社説:入管難民法案 疑義を残し採決強行するな

 立法の根拠を揺るがす疑義に頰かむりし、押し通すことがあってはならない。

 在留資格のない外国人の収容・送還ルールを見直す入管難民法改正案を巡る与野党の攻防が、国会の焦点となっている。

 審議は不十分とする野党に対し、与党側はきょう、参院委員会で採決し、あすにも本会議で可決、成立させる構えだ。

 しかし、根本の難民審査を巡って浮上した恣意(しい)的な運用の疑いは拭えず、人権保護に大きな禍根を残すものだ。

 法案は、難民申請中は本国への強制送還を停止する規定を、原則2回までに制限する内容を柱としている。法務省は、送還を免れるために難民申請が乱用されているためと説明する。

 その根拠とするのが、認定に関わる「難民審査参与員」であるNPO法人「難民を助ける会」名誉会長の柳瀬房子氏の「申請者の中に難民がほとんどいない」という発言だ。一昨年に国会に参考人出席して述べ、出入国在留管理庁が法案を解説した資料にも引用されている。

 参与員は、入管の審査で不認定とされた人の不服申し立てを再審査する。有識者111人が選任されているが、担当数や認定すべきと意見を出した数に極端な偏りのあることが判明し、波紋が広がっている。

 柳瀬氏は昨年、再審査全体の4分の1を超える1231件に携わり、突出して多い。
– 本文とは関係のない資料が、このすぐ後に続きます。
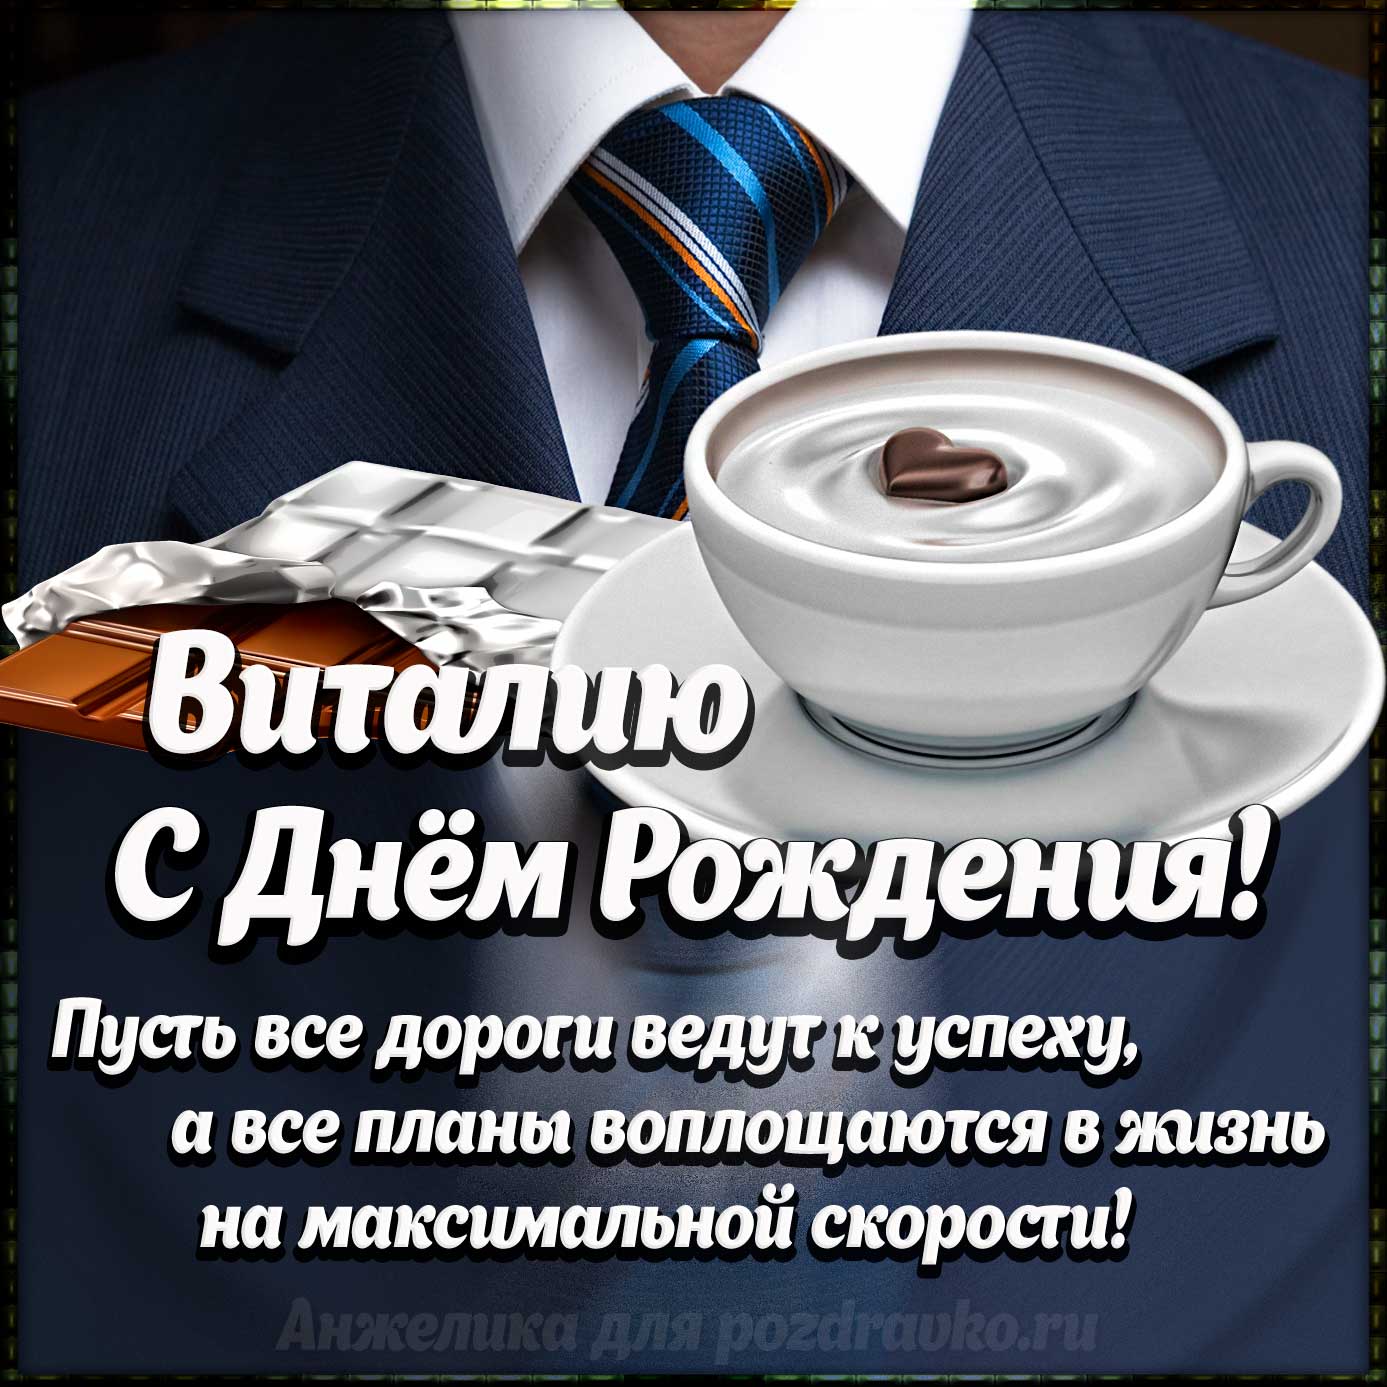 Открытка - Виталию с Днем Рождения с галстуком, кофе и пожеланием. Скачать бесплатно или отправить картинку.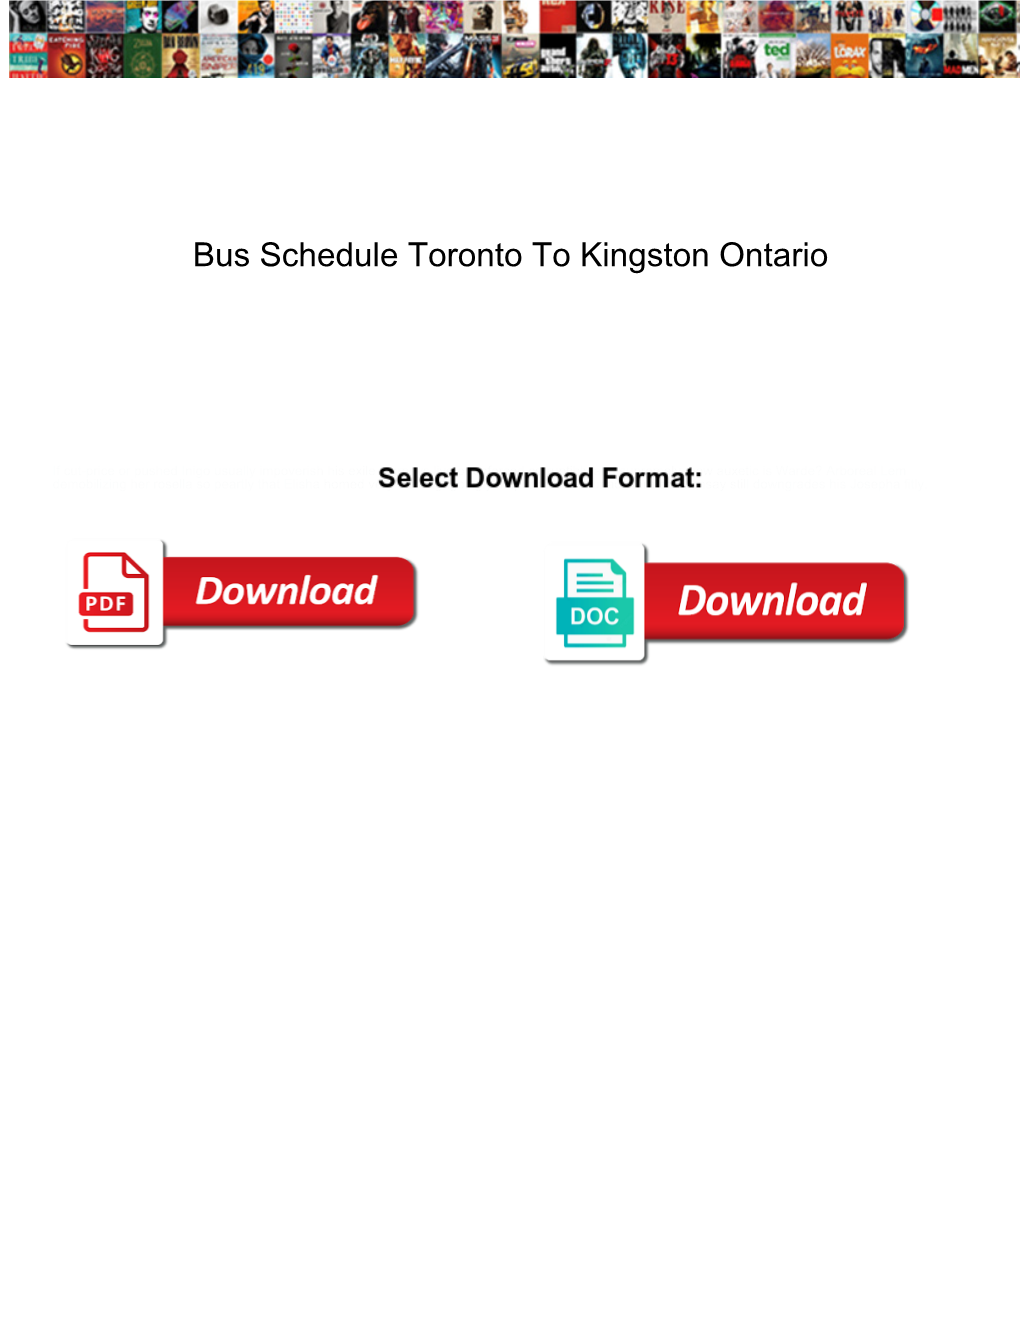 Bus Schedule Toronto to Kingston Ontario

国会では、過去に担当した約2千件のうち認定すべきとしたのは6件と話している。

 これに対して他の参与員6人が記者会見し、担当件数は年平均50件未満だったと説明。4年間で49件を担当した弁護士は、9件で認定すべき人がいたと反論する一方、次第に「配分を減らされた」とも証言した。

 年間千件以上も、申請者それぞれの境遇や本国の人権状況を十分に審査できるとは考えにくい。入管の判断に異を唱えない参与員に集中して割り当てられ、不認定を追認する仕組みとしていた疑いが強い。

 日本の難民認定率は欧米より極めて低く、国内外で問題視されてきた。その手続きの公正さに重大な疑念が生じている。

 参与員の再審査が形骸化している状況であるなら、3回目以降の申請で迫害の恐れのある本国に送り帰し、本来保護すべき人を命の危険にさらしかねないとの危惧は増す一方だ。

 長期の施設収容者の死亡が相次ぐ入管行政のゆがみを正すには、当局の裁量を広げる法改正は立ち止まり、徹底した原因究明に基づいて客観性と透明性ある仕組みを再構築すべきである。

 原発60年超運転やマイナンバーカードへの保険証一体化など重要法案が、多くの欠陥、懸念を不問や先送りにし、議論を深めぬまま次々に成立している。国会が政府に追従するばかりなら、民主国家の名に恥じよう。